Health Highlights: May 10, 2010
Limits Placed on Insurance Coverage for Dependents Barbara Walters Scheduled for Heart Valve Surgery Premature Babies More Sensitive to Pain: Study U.S. Should Allow Ritual 'Nick' of Girls' Genitalia: AAP
Here are some of the latest health and medical news developments, compiled by the editors of HealthDay:
Limits Placed on Insurance Coverage for Dependents
Coverage for young adult dependents by their parents' insurance plans -- a key piece of the Obama administration's health care regulations --may have limits, according to the Department of Health and Human Services.
The provision that health plans permit young adults to stay on their parents' health insurance policy until age 26 "applies only to health insurance plans that offer dependent coverage in the first place," HHS said in a statement released Monday. "While most insurers and employer-sponsored plans offer dependent coverage, there is no requirement to do so," the agency said.
According to HHS, under the rules drafted by the Obama administration, insurers can charge families more for coverage of a young adult to the extent that "similarly situated" individuals must pay, the Washington Post reported. Also, companies must offer the dependents the same benefit packages available to "similarly situated" individuals who did not lose coverage because their dependent status ended, HHS said.
Families can get coverage for dependents even if the young adults live apart from their parents and aren't dependents on the parents' tax return, HHS noted.

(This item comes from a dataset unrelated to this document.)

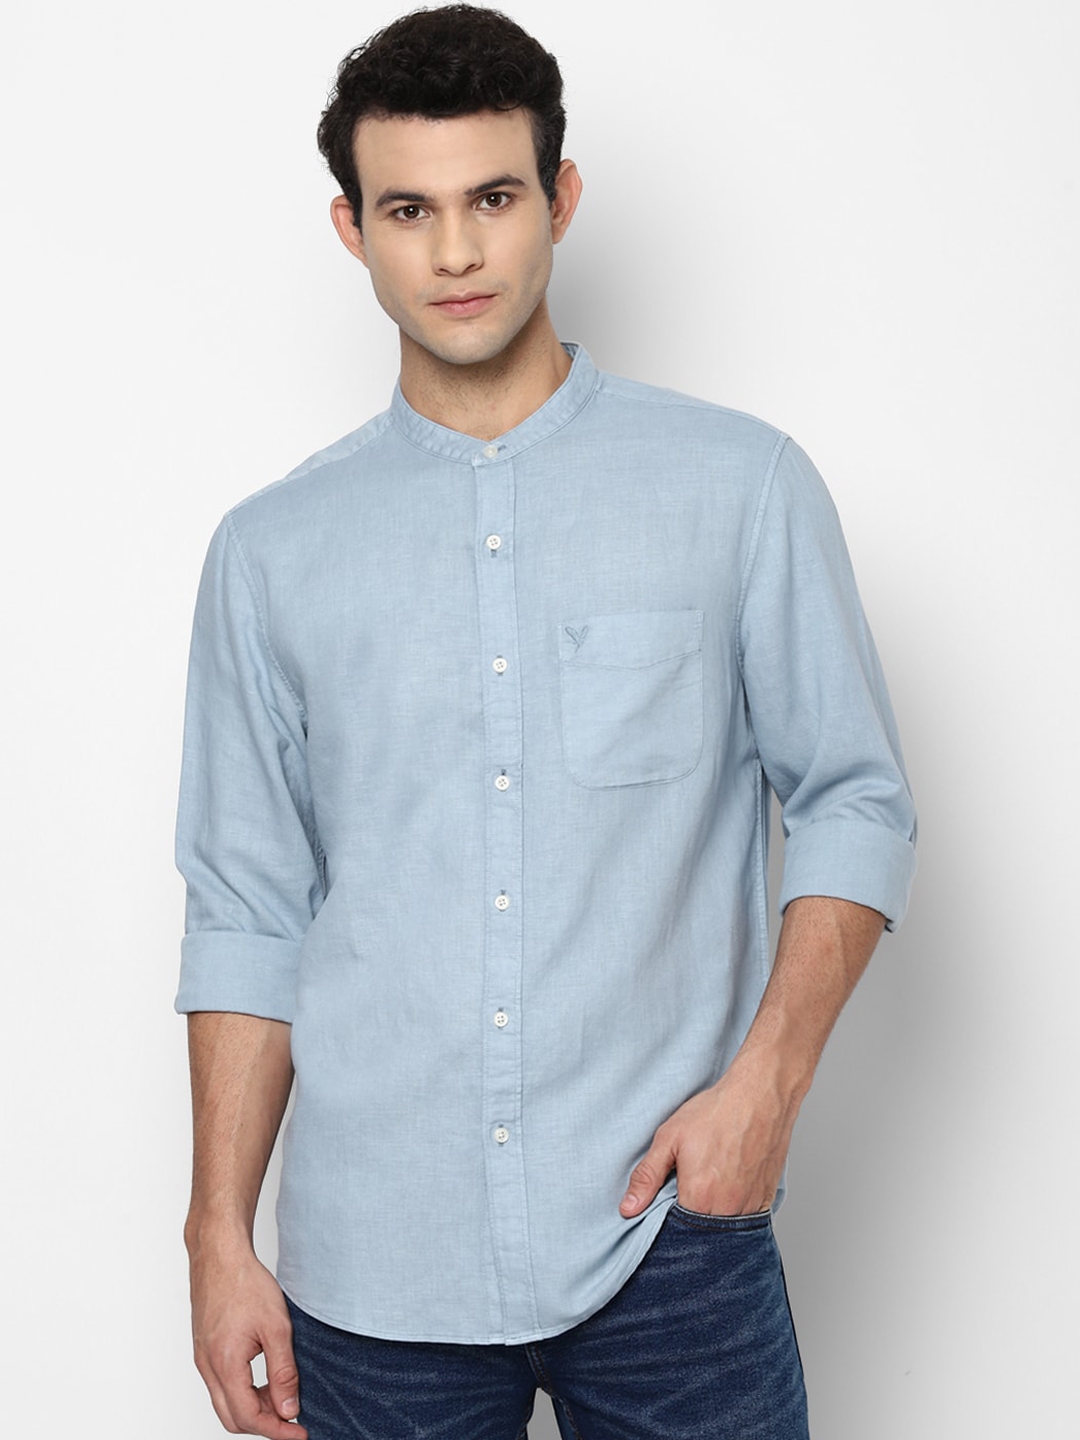 Buy AMERICAN EAGLE OUTFITTERS Men Blue Cotton Linen Casual Shirt ...

Also, the policy applies to married and single children, but not to the children's spouses or children.
Insurance companies must make extended coverage available by Sept. 23, but many companies have agreed to do so sooner, the Post said.
Barbara Walters Scheduled for Heart Valve Surgery
Barbara Walters, creator of "The View," announced on the TV show Monday morning that she is having heart surgery "later this week."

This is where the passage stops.